Artificial intelligence programs like IBM’s Watson — which once famously won a game of Jeopardy over two human contestants — or Google’s AlphaGo can require hundreds of thousands of watts of power to operate, he noted. The human brain, on the other hand, requires only 20 watts, he said.
“There is a huge power efficiency gap that exists today,” he said. Wrapping its arms around that issue is one of the principal goals of C-BRIC.
The efficiency issue isn’t merely a hardware problem. “Today we don’t really have good algorithms that do the end-to-end functionality that we’re talking about,” he said.
The five-year project is supported by $27 million in funding from the joint university microelectronics program, which is sponsored by the Semiconductor Research Corp. Members of an industry consortium are pledging to put money toward the effort, as is the government. The Defense Advanced Research Projects Agency is funding 35 to 40 percent of the project, Roy added.
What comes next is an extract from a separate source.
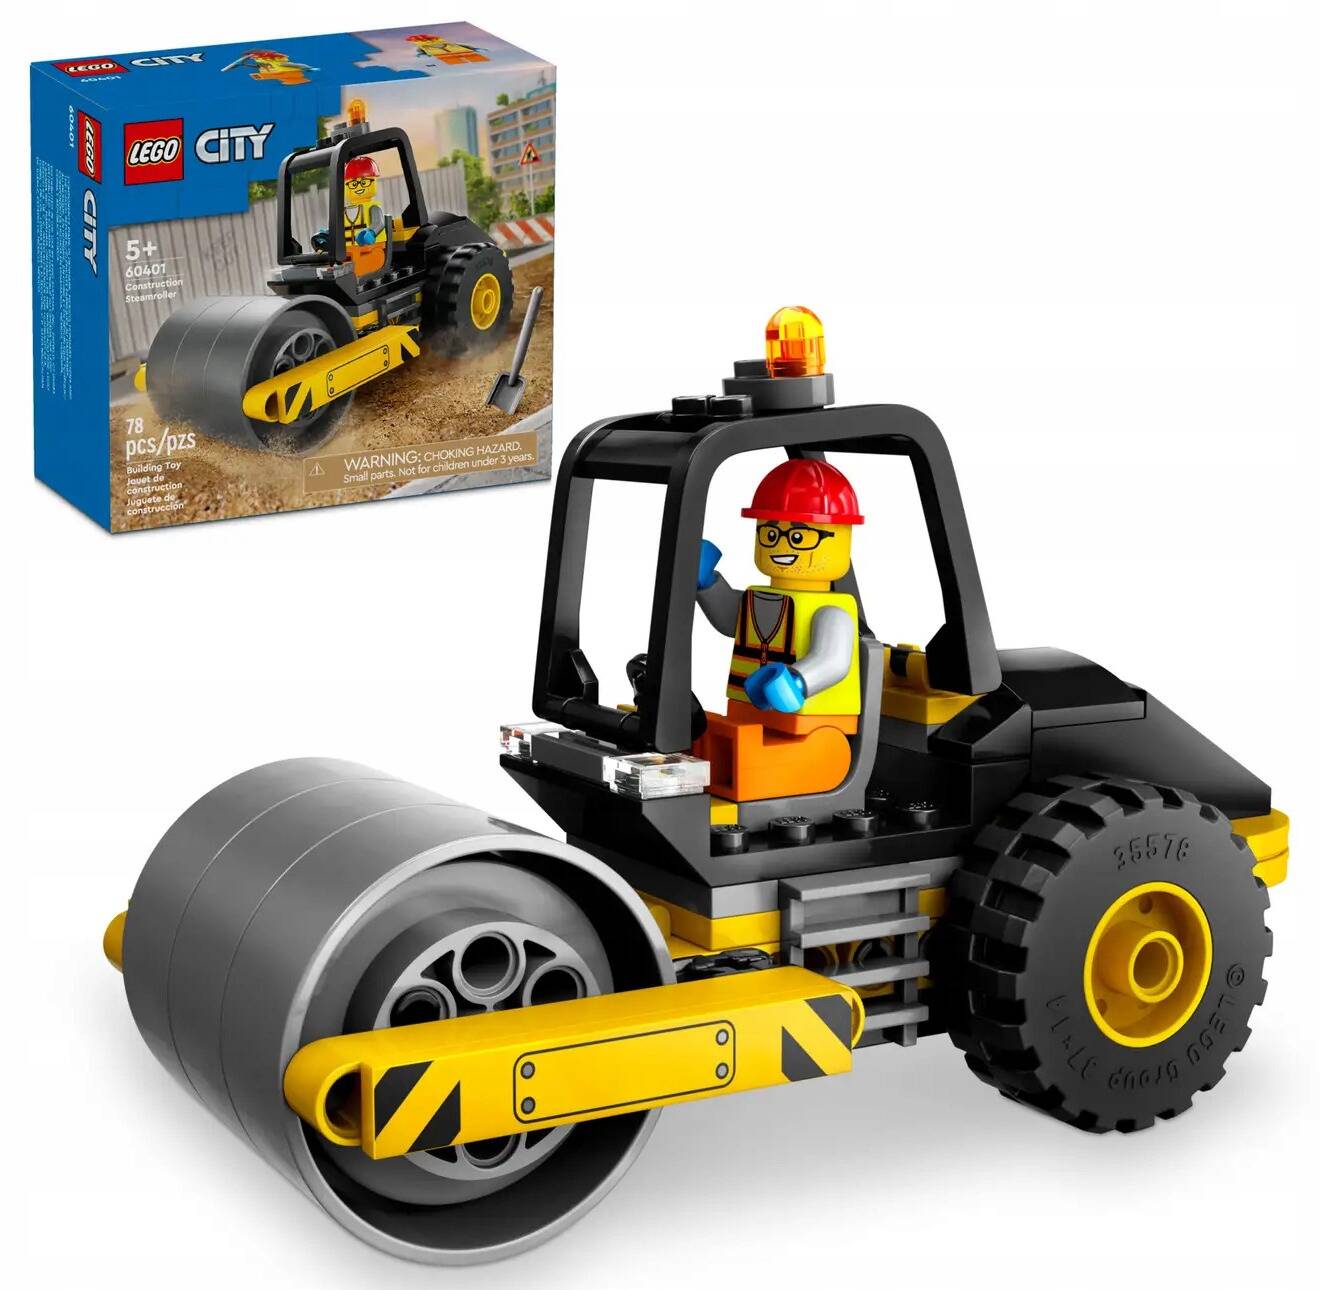 LEGO City Walec Budowlany 78el. 5+ 60401_1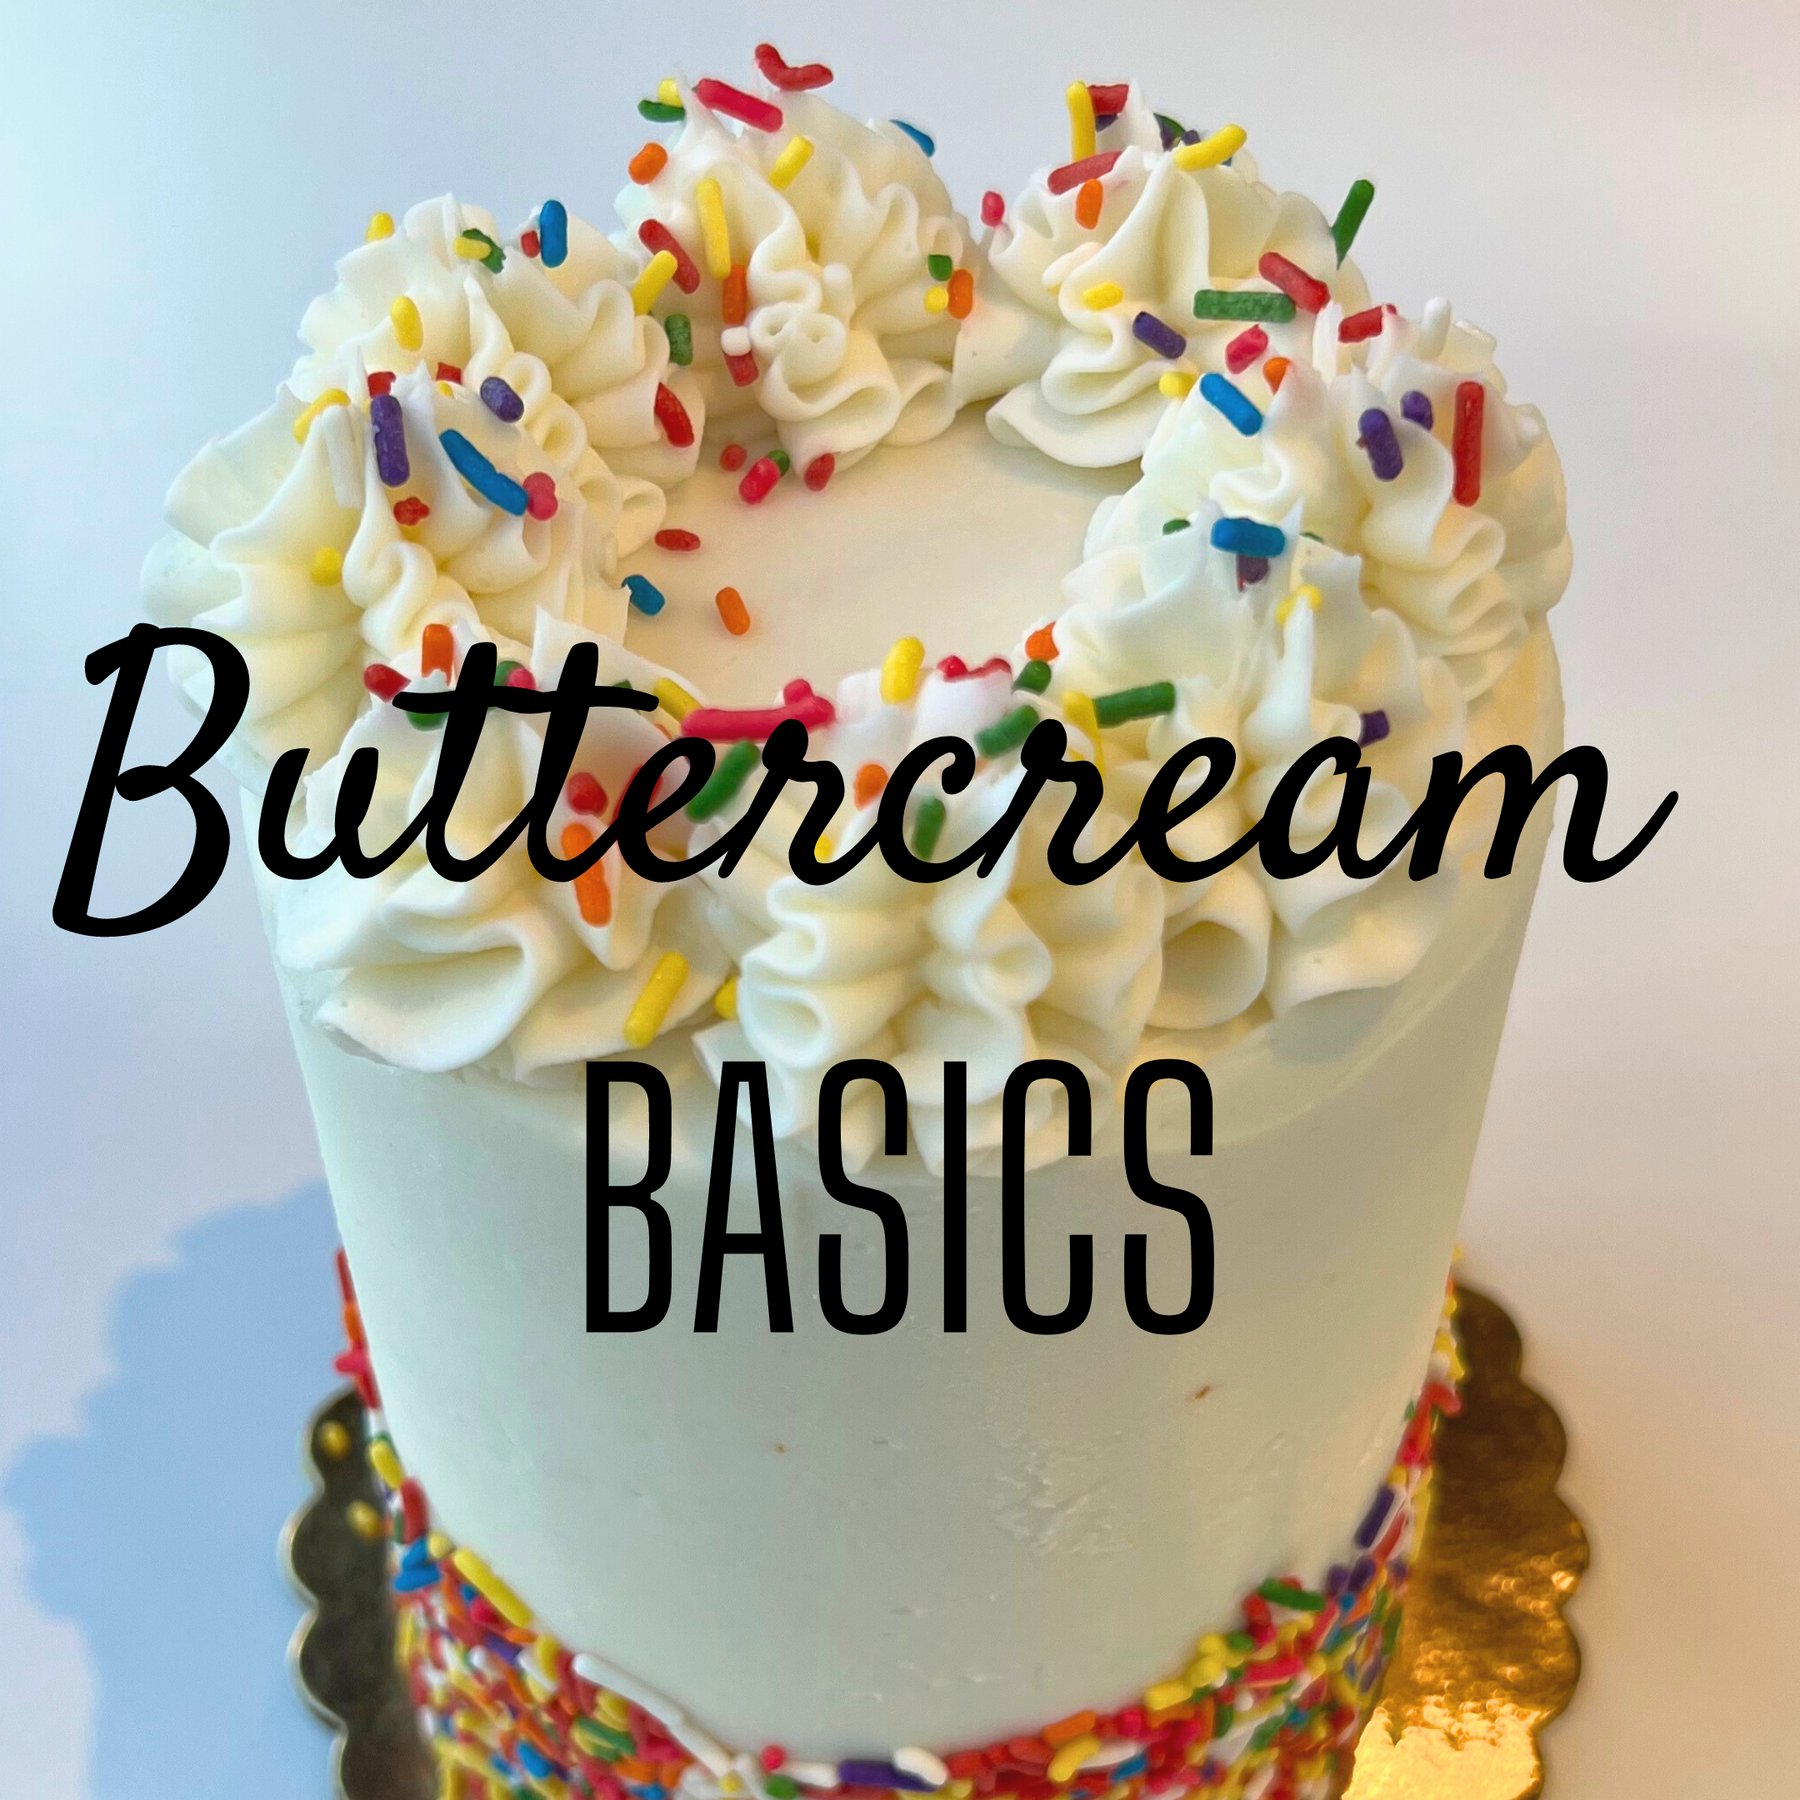 Buttercream Basics- Cake Decorating Class

Purdue is also investing nearly $4 million into the effort and the center is receiving support from Arizona State University, Georgia Institute of Technology, Pennsylvania State University, Portland State University, Princeton University, University of Pennsylvania and the University of Southern California.
Kaushik Roy (Purdue University)
Overall, with matching funds, the center has about $35 million in its budget, Roy noted.
The program is still in its infancy, but researchers have already begun work on developing some algorithms. At the end of the five-year program, C-BRIC will demonstrate those as well as new hardware techniques and apply them to real-world scenarios, he said.
The center hopes to help a variety of companies and organizations throughout a number of industries, Roy said.
“The work we are doing certainly is going to be quite useful for … commercial purposes,” he said. Companies such as IBM or Samsung could find the research beneficial, he added. But it’s also useful for the defense community.
Such technology could enable swarms of drones to overtake enemy aircraft or one day be the brains behind self-driving cars, he noted.
Purdue is an ideal place for this type of research because its faculty members have a diverse background, he said.
“We have [faculty] who are really good at this kind of research, going all the way from algorithms … to circuits and architecture and devices,” he said.
Other experts have said that by tapping into the power of the brain, algorithms and artificial intelligence can be improved upon.
James Canton, CEO and chairman of the Institute for Global Futures in San Francisco, previously told National Defense that such systems will give machines a holistic awareness.
“They are aware of themselves, aware of objects and information and levels of physical and virtual reality around them. They are aware of other nodes in their own network,” he said.